Currently, in the clinical setting outside of trials, PD-L1 testing is advised for those with advanced NSCLC who do not have tumors harboring epidermal growth factor receptor (EGFR) mutation or rearrangements in the ALK or ROS gene and who are being considered for pembrolizumab therapy.
“For first-line therapy of NSCLC, the pembrolizumab 22C3 assay is FDA-approved with a tumor proportion score of 50% or more as the cutoff. Otherwise, it is still an ongoing research tool in clinical trials. For second-line therapy of NSCLC, pembrolizumab is FDA-approved with the companion diagnostic test using a lower cutoff (ie, > 1%), and other immunotherapy agents are approved with PD-L1 as a complementary diagnostic,” Dr. Hirsch said. A companion test is essential for use of the drug, whereas a complementary assay is used to optimize patient selection, he clarified (see Table 1 on page 28). ■
DISCLOSURE: Dr. Tsao has received consultancy honoraria for from AstraZeneca, BMS, Merck and Ventana/Hoffmann La Roche and a research grant from Merck. Dr. Hirsch reported no conflicts of interest.

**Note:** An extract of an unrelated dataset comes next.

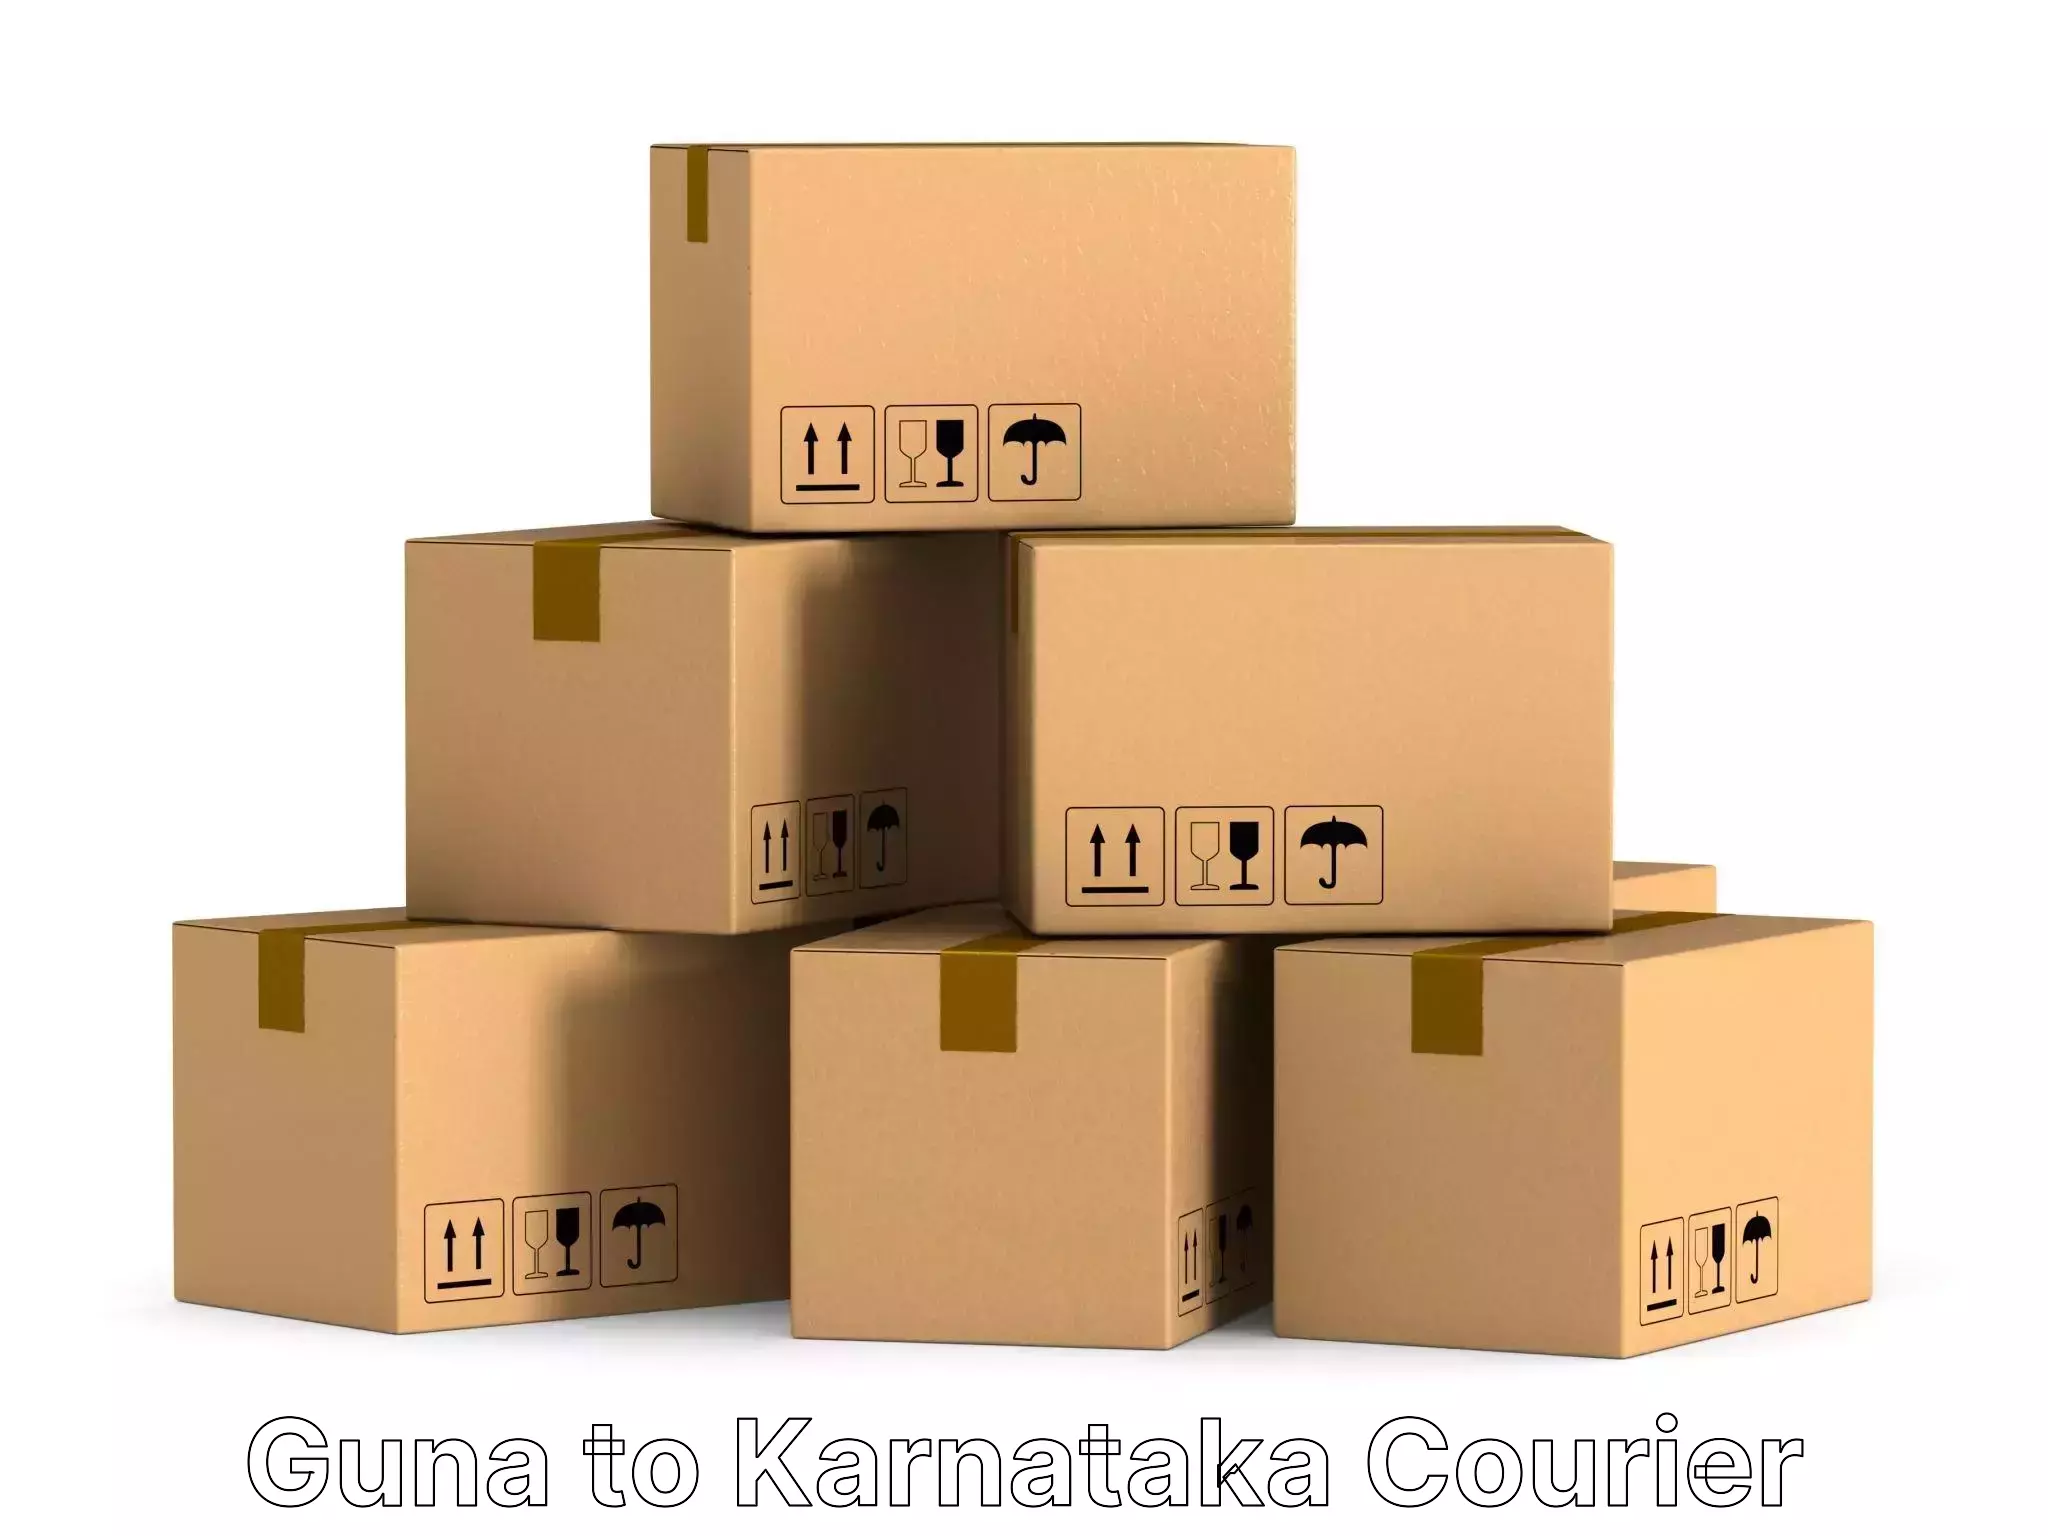 Customized relocation services in Guna to Karnataka

1. Tsao MS, Yatabe Y, Hirsch FR, et al: Blueprint 2: PD-L1 immunohistochemistry comparability in real-life clinical samples. 2017 IASLC World Conference on Lung Cancer. Abstract PL3.03. Presented October 18, 2017.
2. Hirsch FR, McElhinny A, Stanforth D, et al: PD-L1 immunohistochemistry assays for lung cancer: Results from phase 1 of the Blueprint PD-L1 IHC Assay Comparison Project. J Thorac Oncol 2:208-222, 2017.
3. Diggs LP, Hsueh EC: Utlility of PD-L1 immunohistochemistry assays for predicting PD-1/PD-L1 inhibitor response. Biomark Res 5:12, 2017.